07/02/2008 17:27:44
Miguel NicolelisPara a maioria dos brasileiros, principalmente aqueles que vivem no Sul e Sudeste, qualquer menção ao sertão nordestino imediatamente evoca tradicionais imagens de destituição, miséria, abandono e atraso. Invariavelmente, essas amargas lembranças servem apenas para reforçar a opinião de que uma realidade tão implacável e inóspita jamais se renderá a qualquer política pública ou iniciativa privada que vise ao desenvolvimento da região. Assim, dentro desse estereótipo nacional, nada é capaz de prosperar diante do sol escaldante, o solo seco e os desolados jardins de cactos que dominam a paisagem da Caatinga.
Essa visão fatalista ignora que o sertão nordestino há séculos serve de palco para o desenrolar de um grande épico de sobrevivência, construído dia a dia pela ingenuidade natural e obstinação de todas as formas de vida que lá habitam. Formada por uma vegetação altamente adaptada à falta crônica de água, ornada por uma flora típica e própria, a Caatinga há muito deixou de ser considerada, ao menos em termos botânicos, como uma simples degeneração da Mata Atlântica. Na realidade, trata-se de um dos biomas mais especializados do mundo, parte integral e única do extraordinário patrimônio natural brasileiro.
Todavia, diferentemente da floresta amazônica, do Pantanal, e até mesmo do Cerrado, a Caatinga ainda não encontrou seu espaço próprio na consciência nacional, que vira-e-mexe prefere rejeitá-la, como se fosse uma filha a quem se nega paternidade, nome e pensão.
O fascínio que atrai milhares de brasileiros a visitar as inúmeras e exuberantes praias do Nordeste esvai-se em segundos quando o sertão é mencionado como uma nova provável fronteira de desenvolvimento que começa a se desenhar no horizonte futuro do País. Improvável, respondem de imediato os mais gentis e cautelosos. Impossível, bradam os chamados realistas. Inimaginável, decretam os fatalistas. O que pode crescer e prosperar nesses infindáveis e desolados jardins de cactos, perguntam todos em coro?
Durante uma viagem de alguns dias por muitos recantos extraordinários do interior da Paraíba e do Rio Grande do Norte, encontrei a resposta para esta pergunta. E ela não poderia ser mais singela e simples.
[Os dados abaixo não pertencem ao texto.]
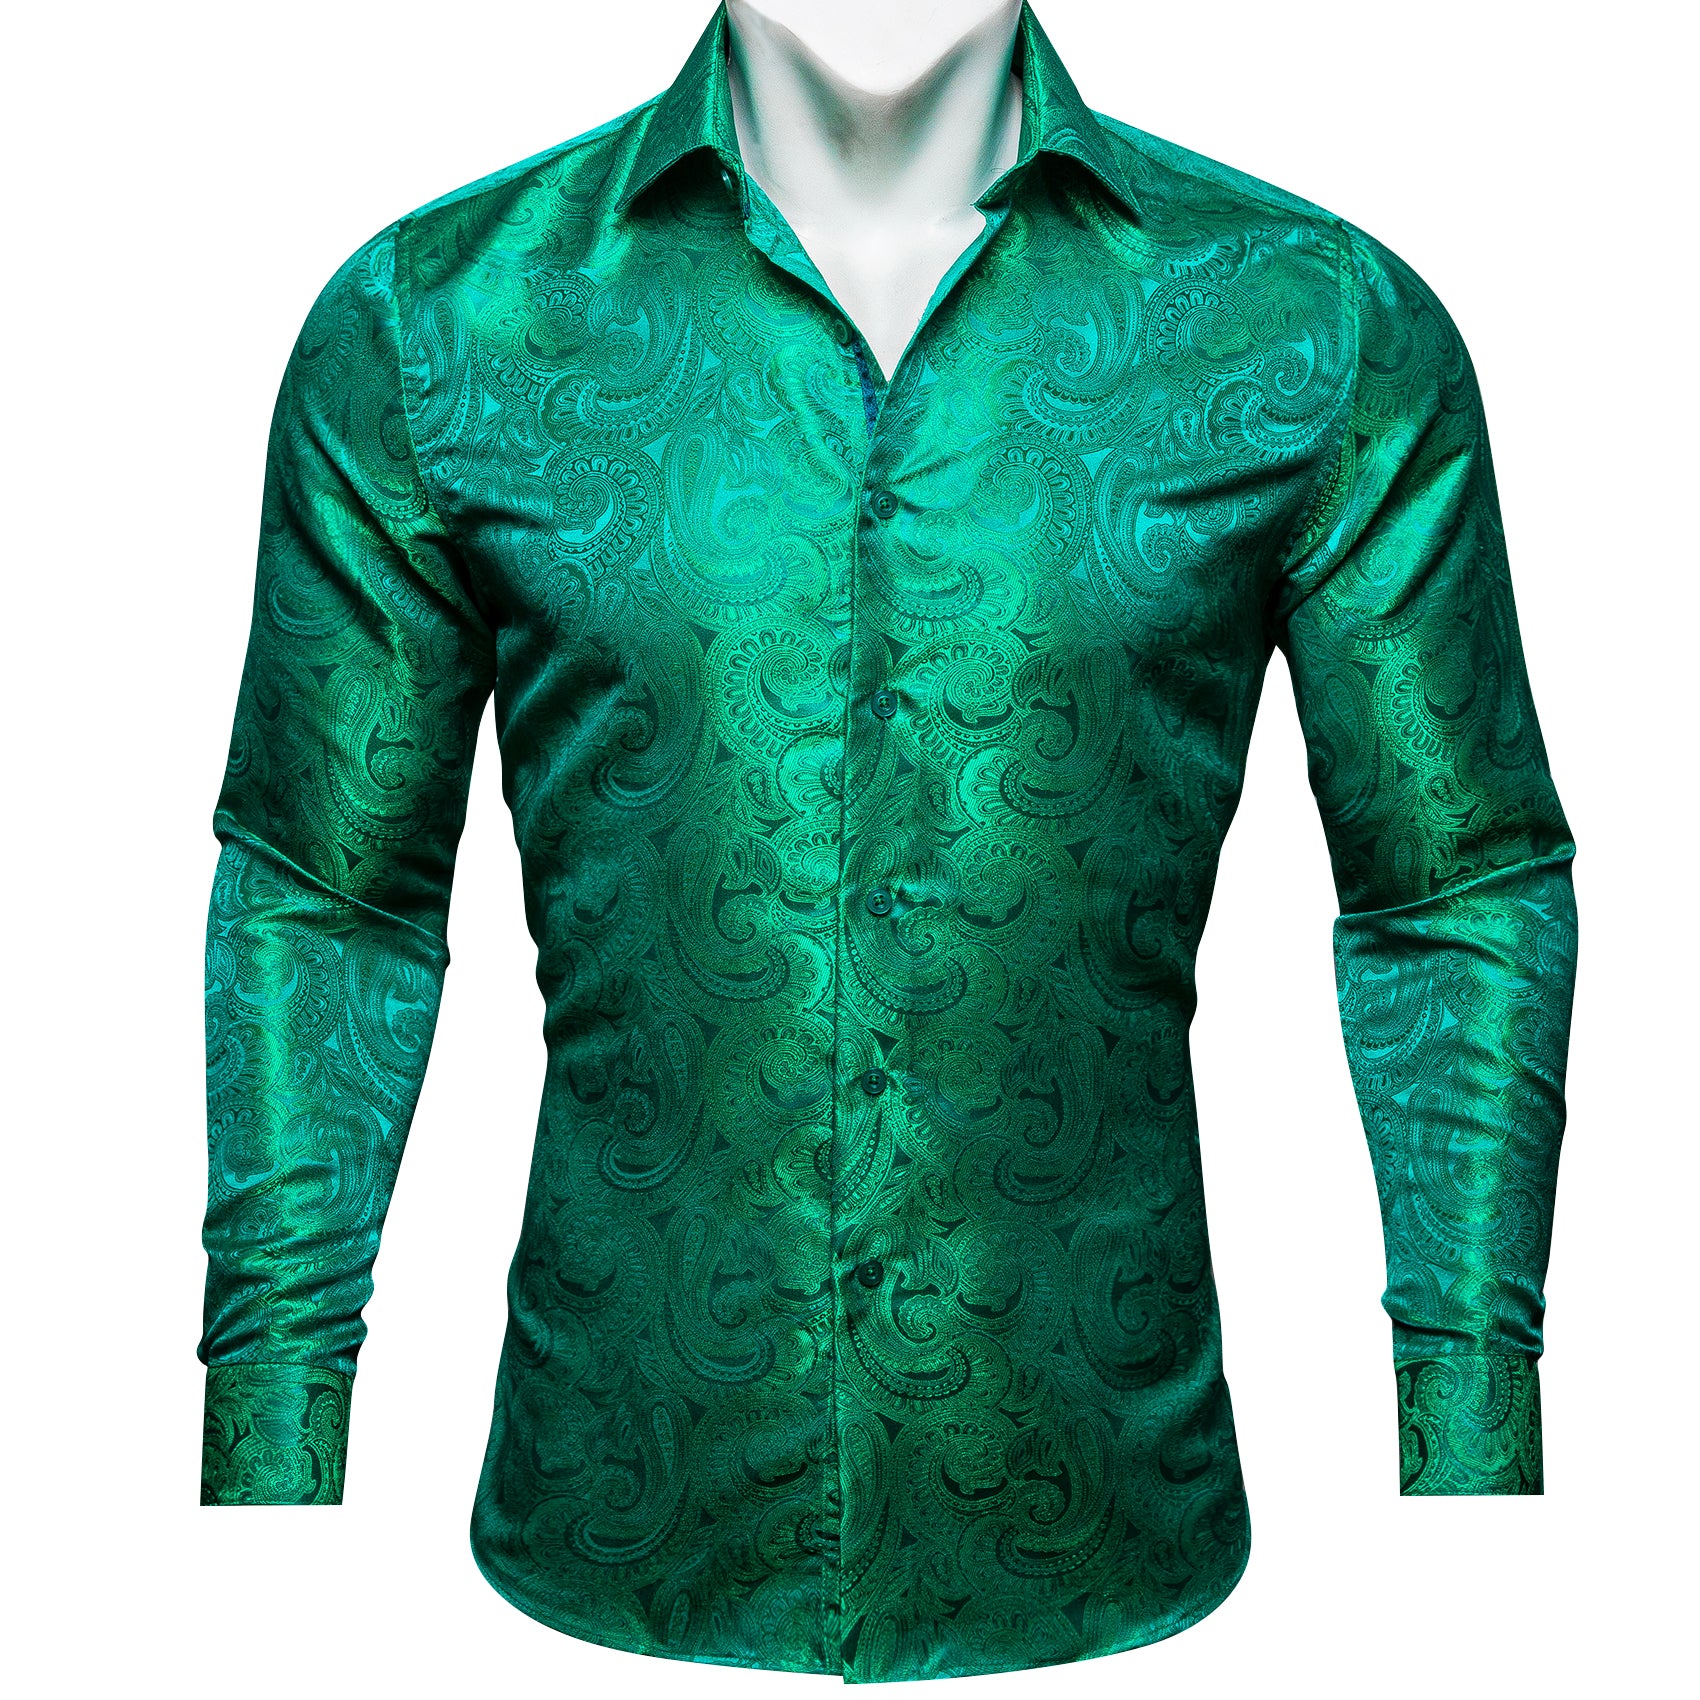 Barry.wang Pale Green Paisley Silk Men's Shirt
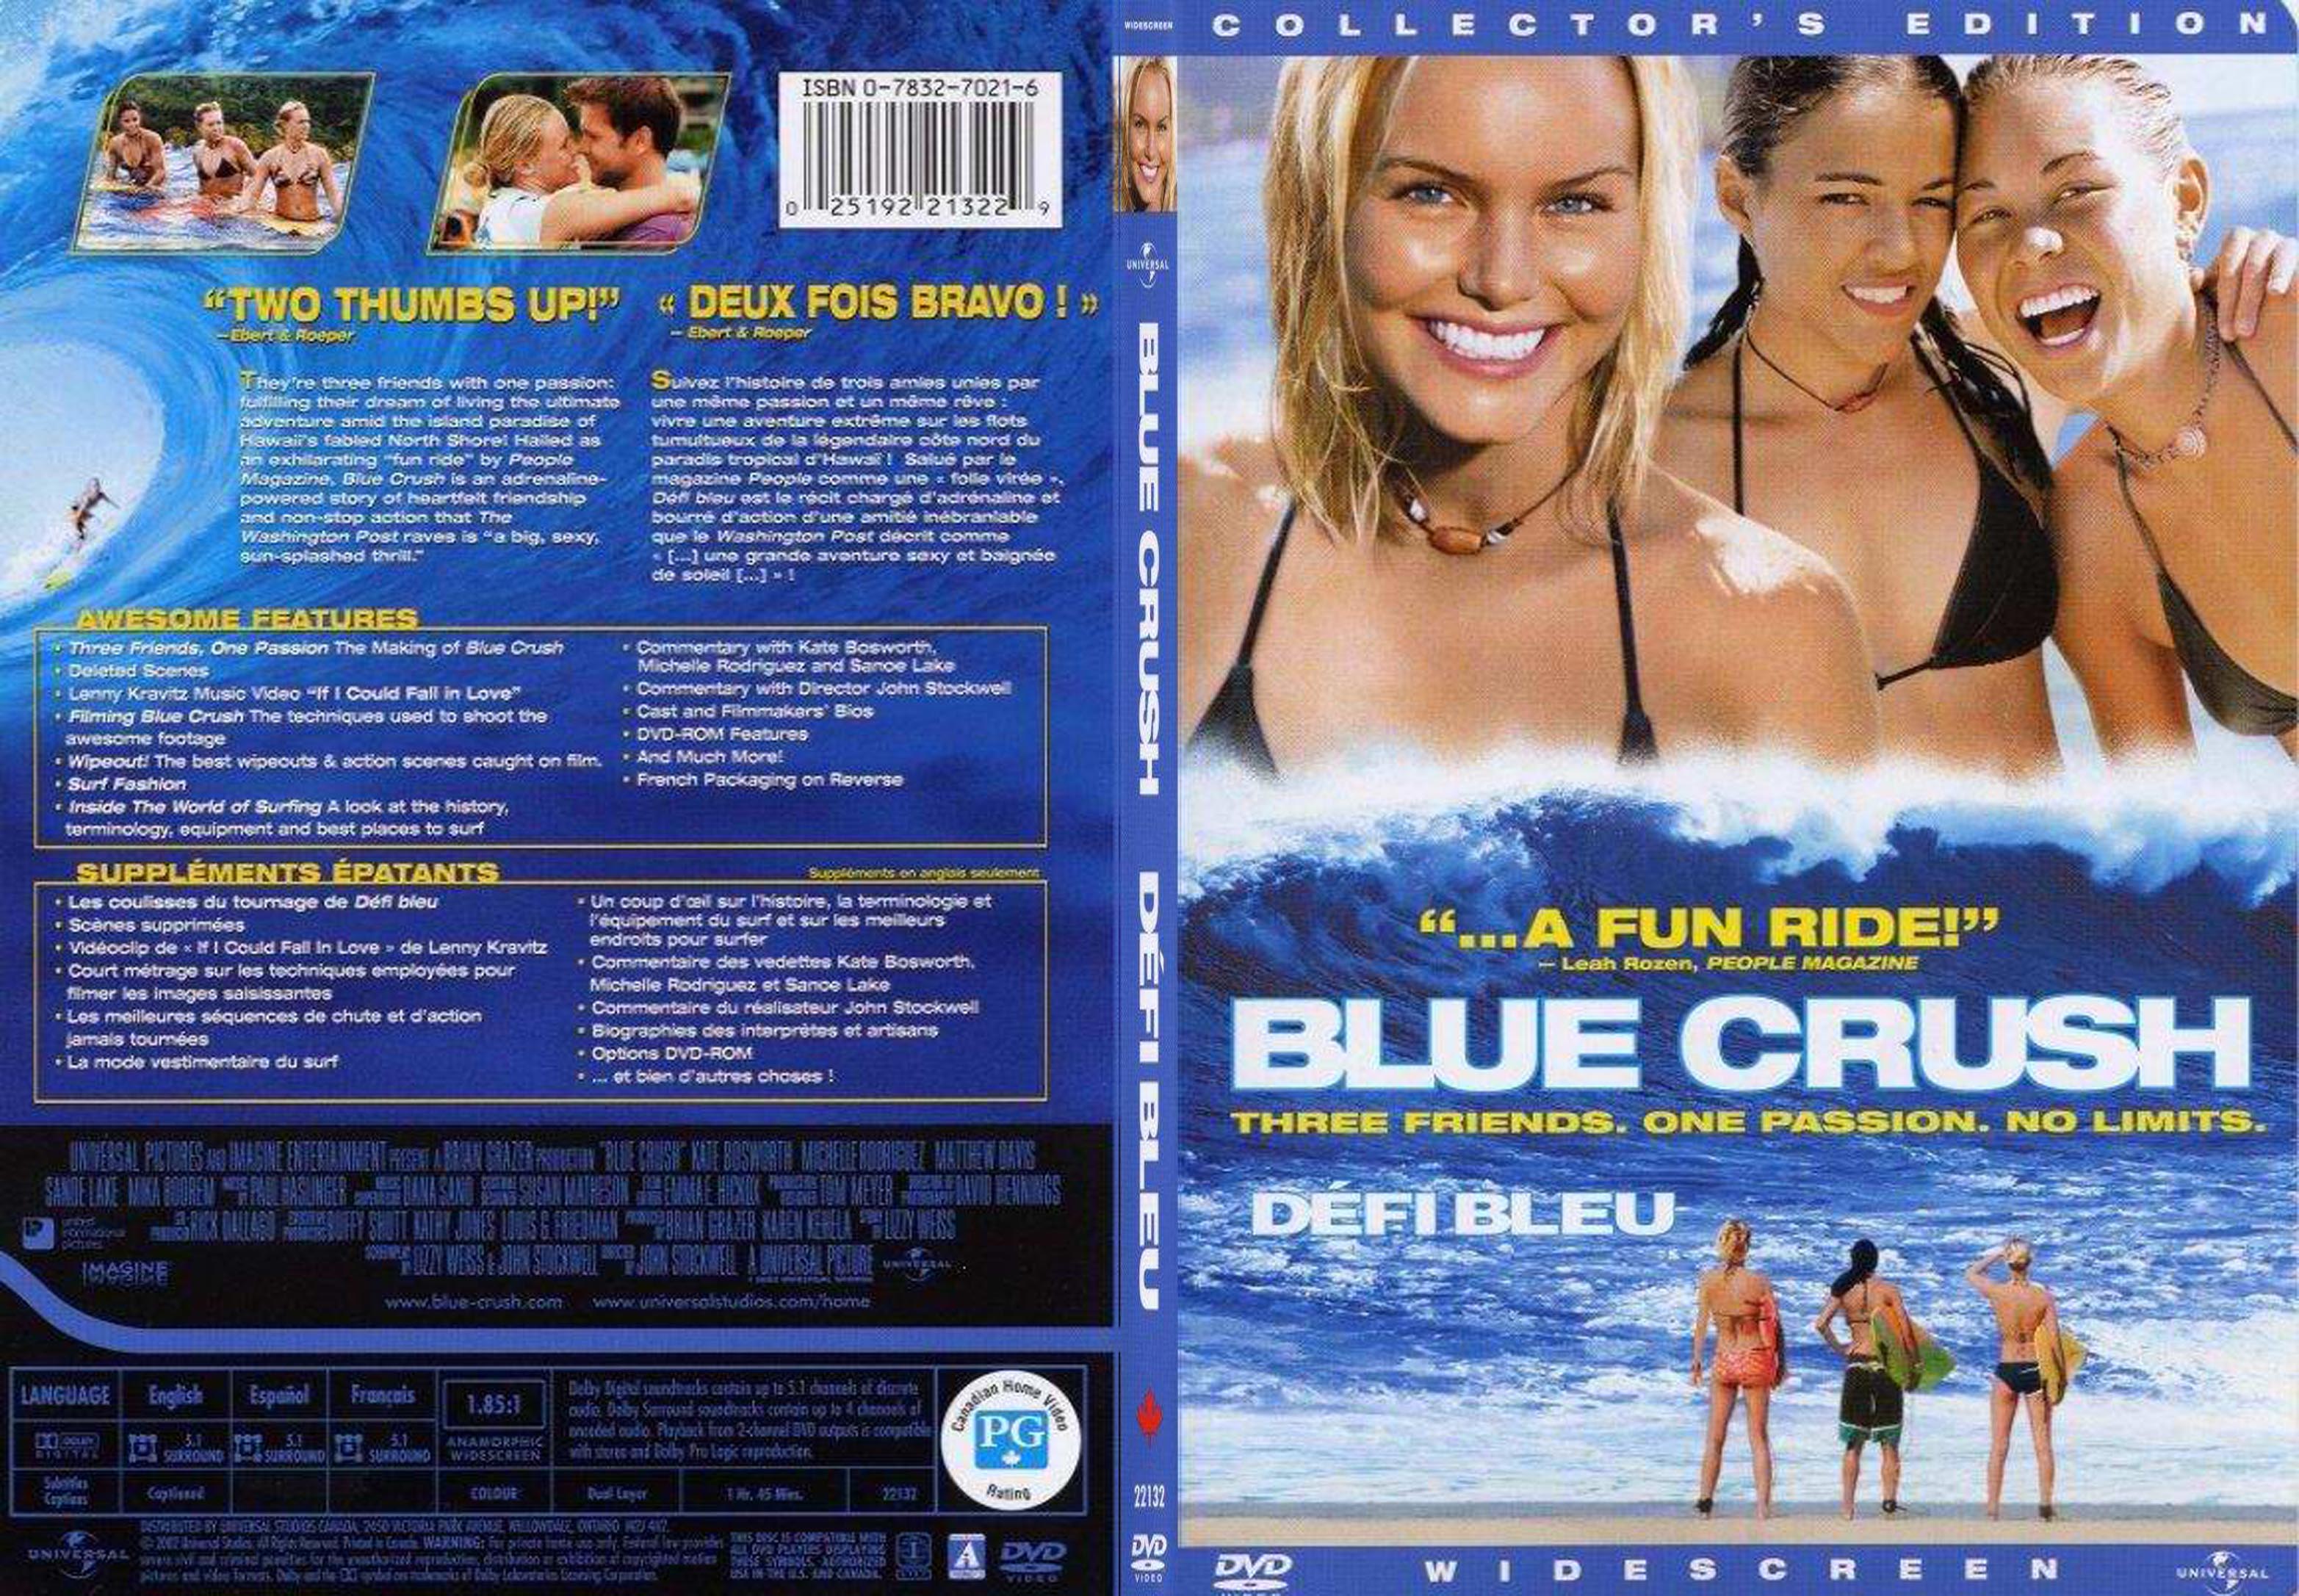 Jaquette DVD Blue crush - SLIM

São flores, muitas flores, que brotam desses jardins de cactos, outrora abandonados pelo ocaso predito, para colorir a paisagem desse sertão com matizes de esperança e sonho.
E é a partir dessas ainda frágeis florescências, tão inesperadas quanto belas, que desabrocha a concreta sensação, para quem o visita, de que o destino do Nordeste brasileiro, dado como natimorto inviável, pode se transformar numa inesperada fronteira de desenvolvimento e progresso, com repercussões significativas para todo o Brasil e o mundo. Em bom português, para quem tem olhos e quer ver, o Nordeste pode e tem tudo para se transformar na nossa Califórnia.
Os primeiros sinais do que está por vir podem ser obtidos no interior paraibano, nas primeiras plantações experimentais do pinhão-manso (Jatropha curcas), uma planta oleaginosa que cresce nos tabuleiros do sertão, muito bem adaptada à falta d’água crônica. Num futuro próximo, essa e outras culturas, valendo-se do casamento da moderna biotecnologia com uma nova agricultura do Semi-Árido, podem transformar as terras do sertão na maior usina de biocombustível do mundo. E, no processo, revolucionar o desenvolvimento econômico e social da região.
Exemplos como esse proliferam pelo sertão. Somado ao acesso à tecnologia, tem provocado mudanças no cotidiano dos habitantes. É como conta Gustavo, estudante de um vilarejo chamado Residência, no Rio Grande do Norte. Primeiro, diz ele, chegou a água, depois a eletricidade. Daí chegaram as antenas parabólicas e a televisão. Por isso, do Brasil ele sabe tudo e para tudo tem uma opinião. Dos problemas do tráfego aéreo à criminalidade das grandes cidades, Gustavo está a par da agenda nacional. Para o menino, o sertão está muito bom e só tende a melhorar. Assentindo em silêncio, procurei gravar cada detalhe daquela florada humana desabrochando, ali, no lugar onde poucos imaginaram que cacto também desse flor.